Tuesday, May. 08, 2012 @ 8:13 pm
In Camp



I'm in camp. Had dinner in the caf with an older surveyor who I immediately took a shine too - quiet, fit, bright eyes. Now I'm lying in bed, voices in the hallway, the distant chatter of TVs. Typing this on my phone on spotty wifi.

Yesterday: stress seeping from my pores. We got an offer on the house. I had to decide whether to accept it sitting in a trailer full of raucous 20 year old materials testers. Had to find a printer and scanner in camp. Total disaster.

Driving around the mine site. Mud from 24 hrs of torrential rain. Excavator slithers into a sinkhole.

In the office trailer I sit silent and sullen. I'm gently teased for being skinny. For being quiet. I'm in a small space full of guys and am not the slightest bit interested in any of them. The feeling is probably mutual.

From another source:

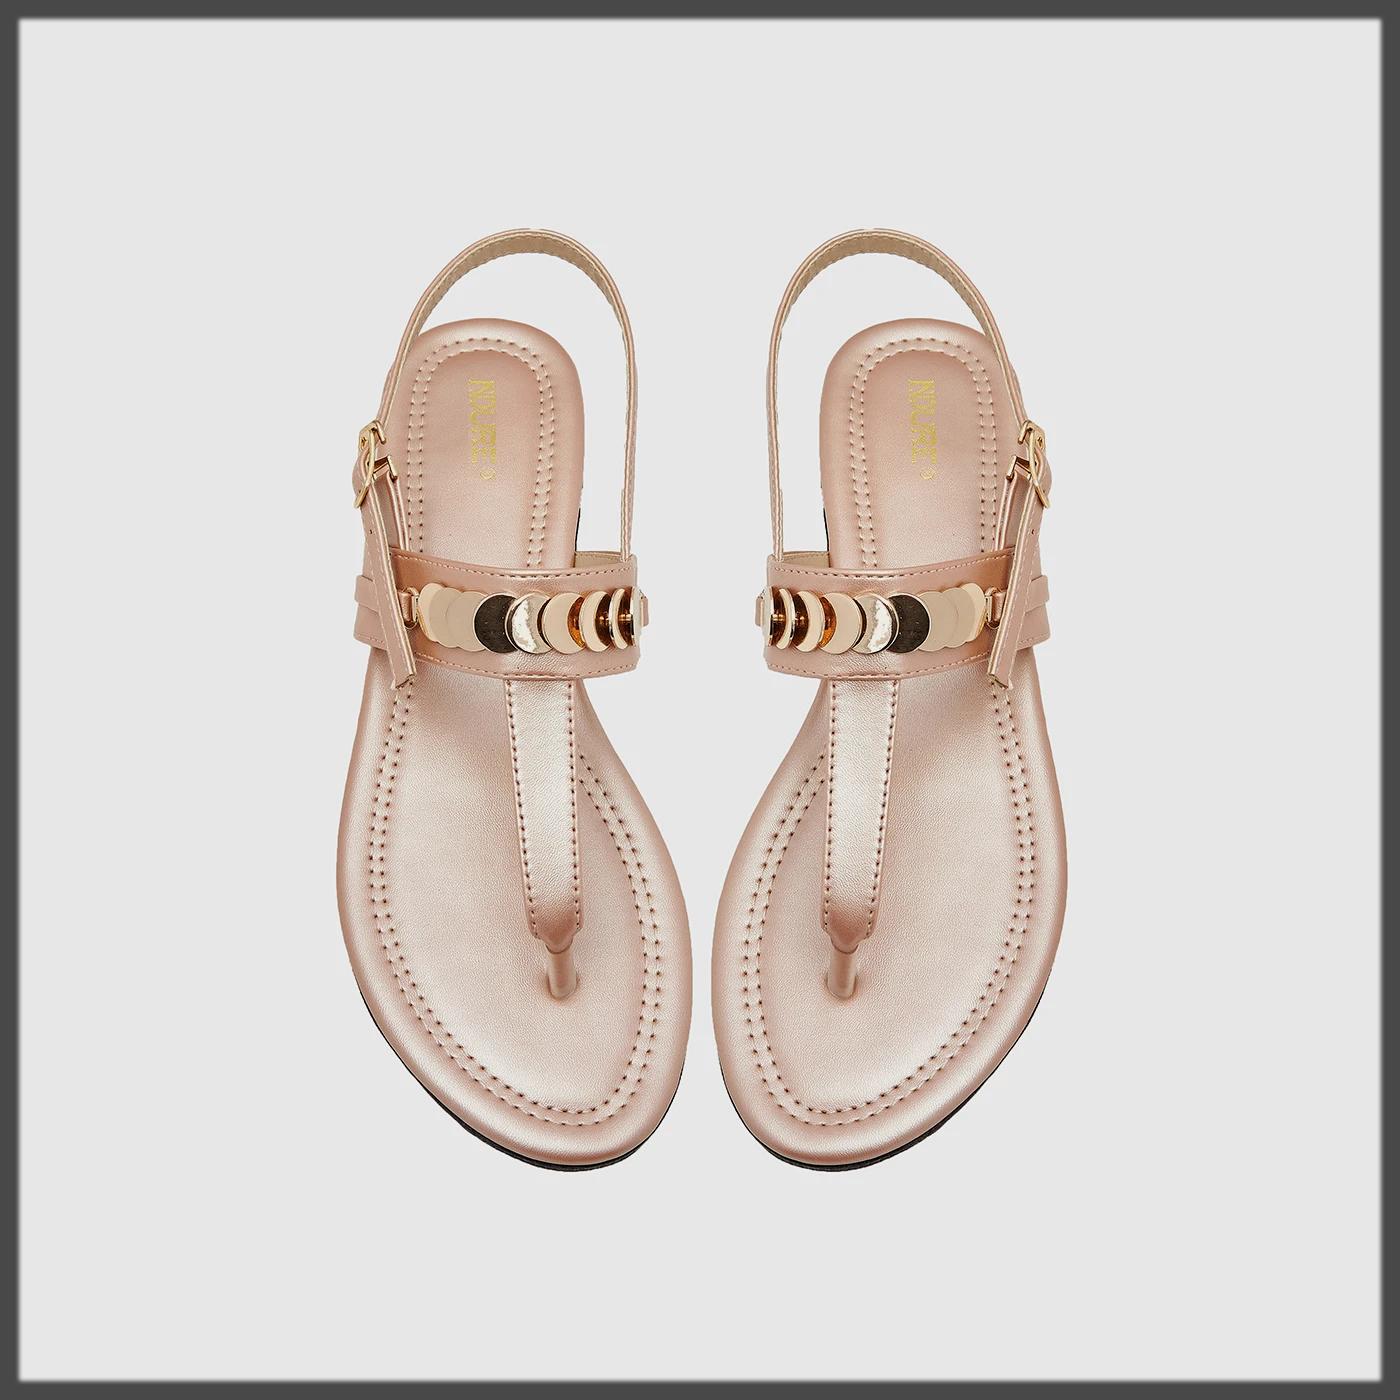 Impressive Summer Sandals by Ndure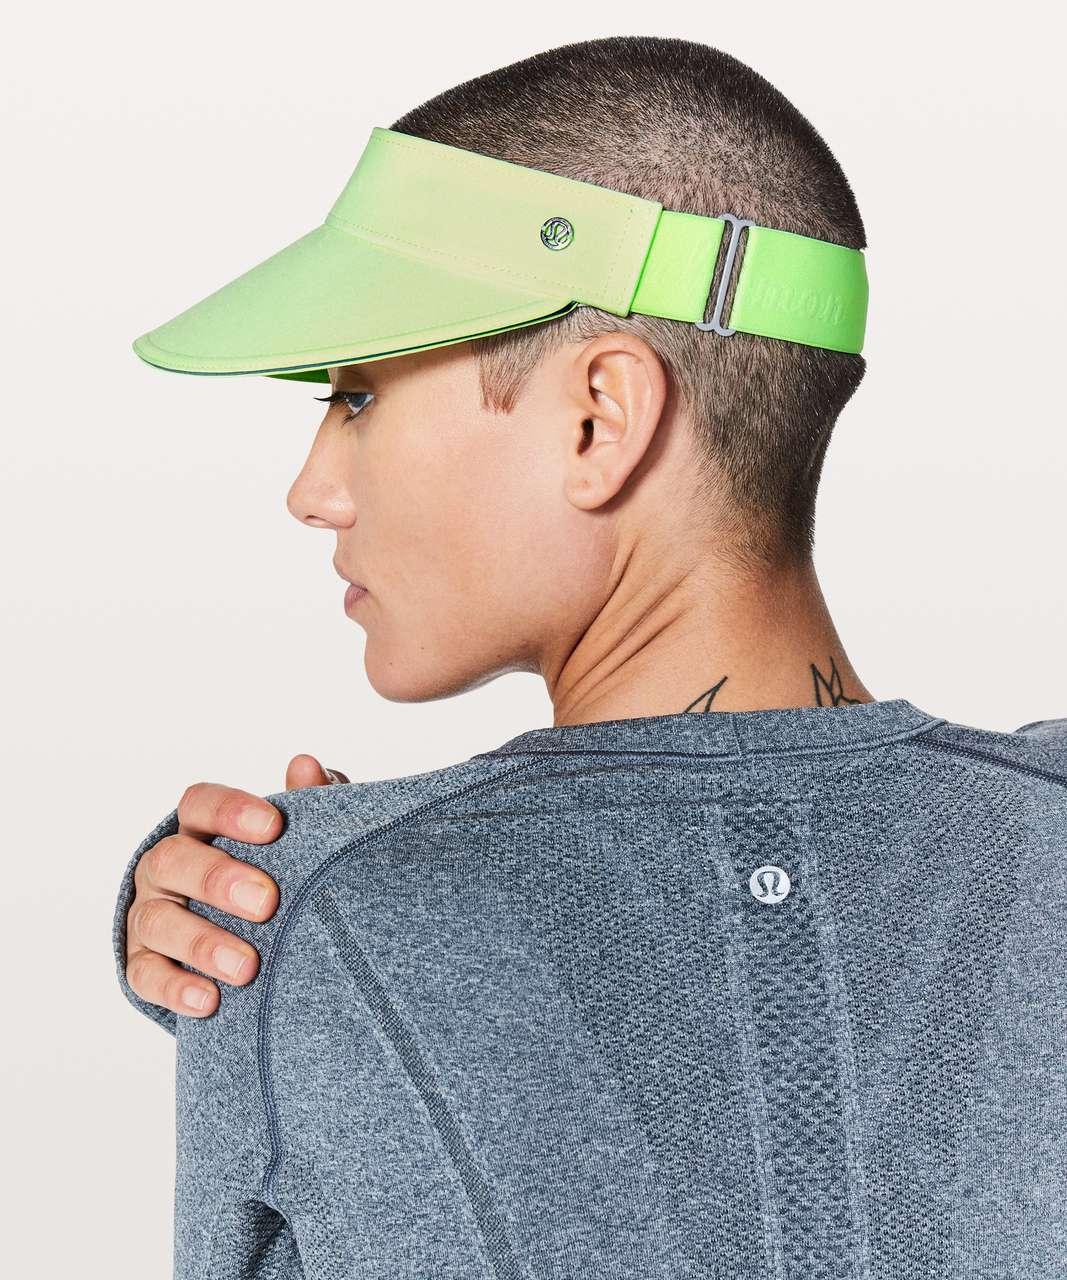 Lululemon Fast Paced Run Visor - Fluro Citrus / Clear Mint

But I like Cliff, and I talk with him over dinner. And at breakfast an engineer from the office is here, and I'm so thankful he's here, and there is warmth in his smile. In that moment I am so happy - a bowl of oatmeal and berries, clean and dry Carhartts, and Fred's smile.

I walk down the dorm hallway just before sunset. It's a womens dorm of 44 rooms. I haven't seen any other women who are white. First Nations women, working the kitchens and the laundry. I am jealous of their familial ties, their friendships. I smile and keep my head down; I am the outsider.

I am already nostalgic for the North. My most authentic experience, in a remote camp laced with tuberculosis. Where I am silent and observing and blending into the crowd. The old boys, the oil rig exports, the greenhorns. A few tough chicks. The owner's team in slacks and pristine work vests. And me.